You only forgot to say this quantity is negative because a < b< c< d

4(ab + ac + bc + bd):
{a+b+c+d}^2 > 4(ab + ac + bc + bd - ab + ac - cd + bd)
{a+b+c+d}^2 > 4(2ac + 2bd)

And forgot to mention bc - cd is negative too, so the inequality is maintained
10. 06 Mar '08 14:271 edit
11. 06 Mar '08 14:55
Originally posted by sb3700
my solution, based on wolfgang:

Consider
{(a+d)-(b+c)}^2 > 0

Expand
(a+d)^2 + (b+c)^2 - 2(a+d)(b+c) > 0

* Therefore
(a+d)^2 + (b+c)^2 > 2(a+d)(b+c)

Now
{a+b+c+d}^2 = {(a+d)+(b+c)}^2
= (a+d)^2 + (b+c)^2 + 2(a+d)(b+c)

Now substituting for (a+d)^2 + (b+c)^2 from * gives;

{a+b+c+d}^2 > 4(a+d)(b+c)
expand

{a+b+c+d}^2 > 4(ab ...[text shortened]... c + bc + bd - ab + ac - cd + bd)
{a+b+c+d}^2 > 4(2ac + 2bd)

Hence:
{a+b+c+d}^2 > 8(ac + bd)
{a+b+c+d}^2 > 4(a+d)(b+c)
expand

This far I understand, but it gets confusing from here on.
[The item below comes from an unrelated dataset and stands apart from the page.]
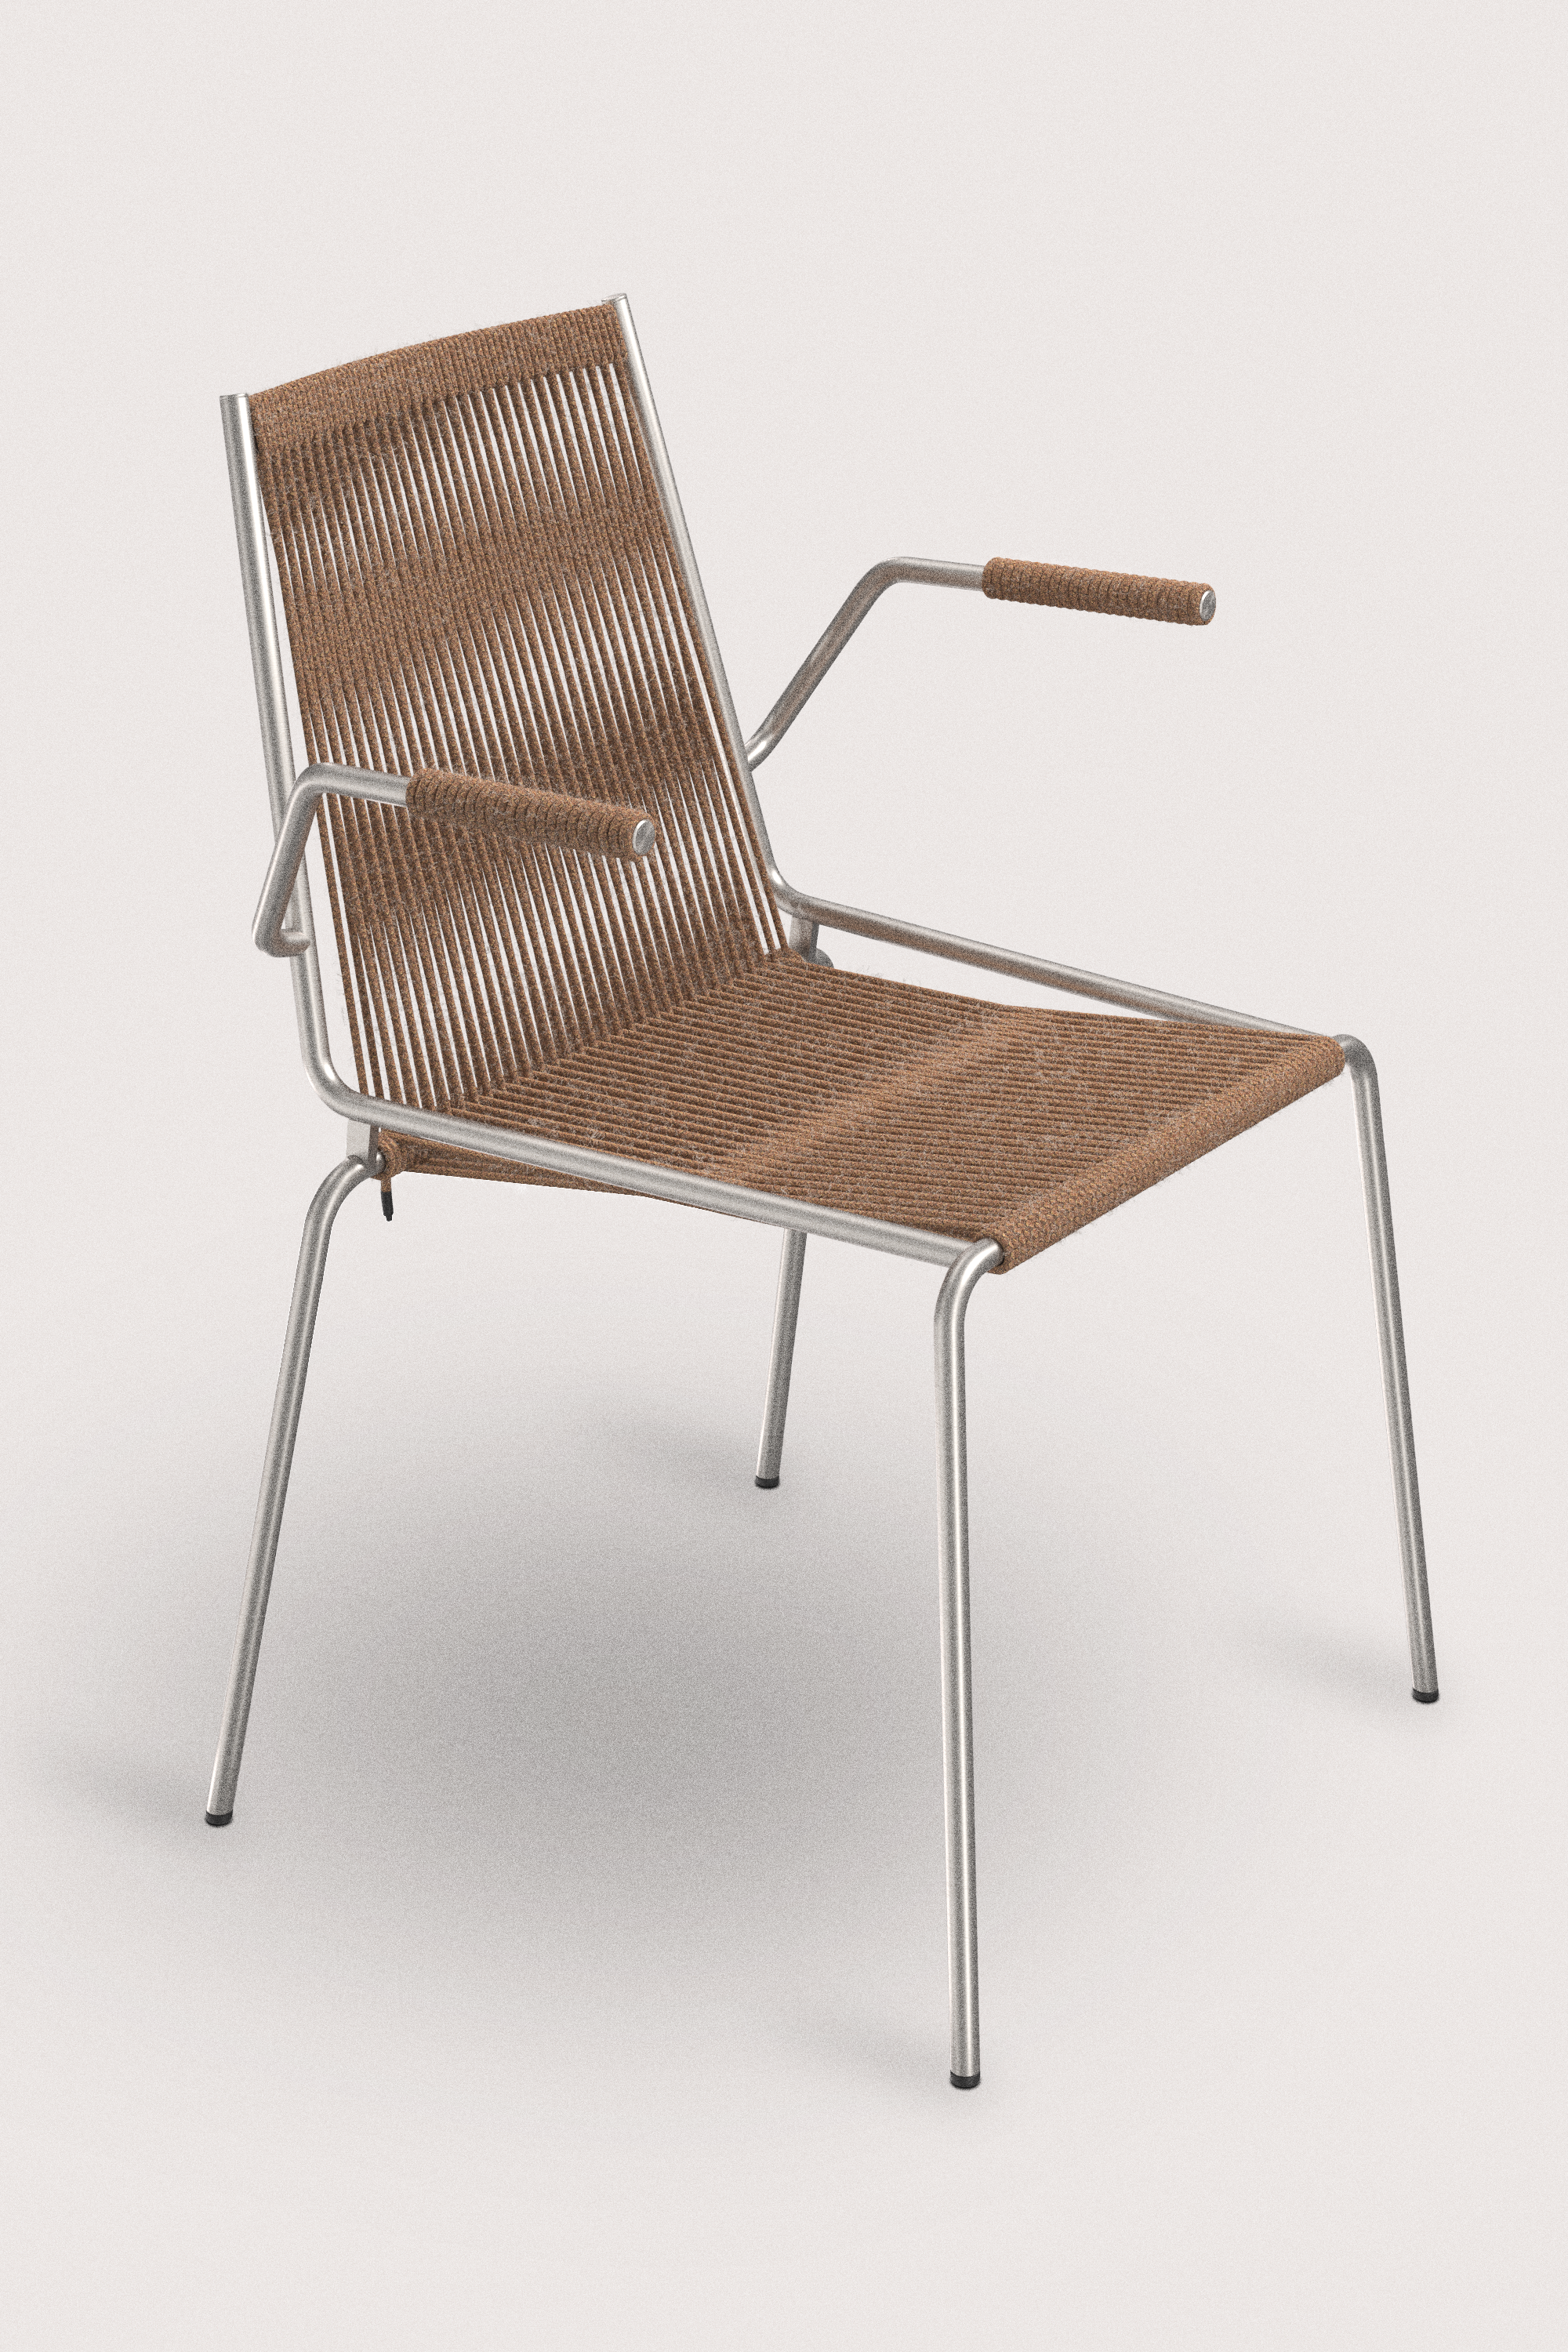 DW303_Noel Chair With Armrest_Steel_Wool Flag Halyard_Thorup Copenhagen.png

Where does the bc term come from in the next line?

{a+b+c+d}^2 > 4(ab + ac + bc + bd)

Consider - ab + ac - cd + bd
= b(d-a) - c(d-a)
= (b-c)(d-a)
12. 06 Mar '08 16:01
I get it now. Your proof looks good apart from the mix up with bc and cd.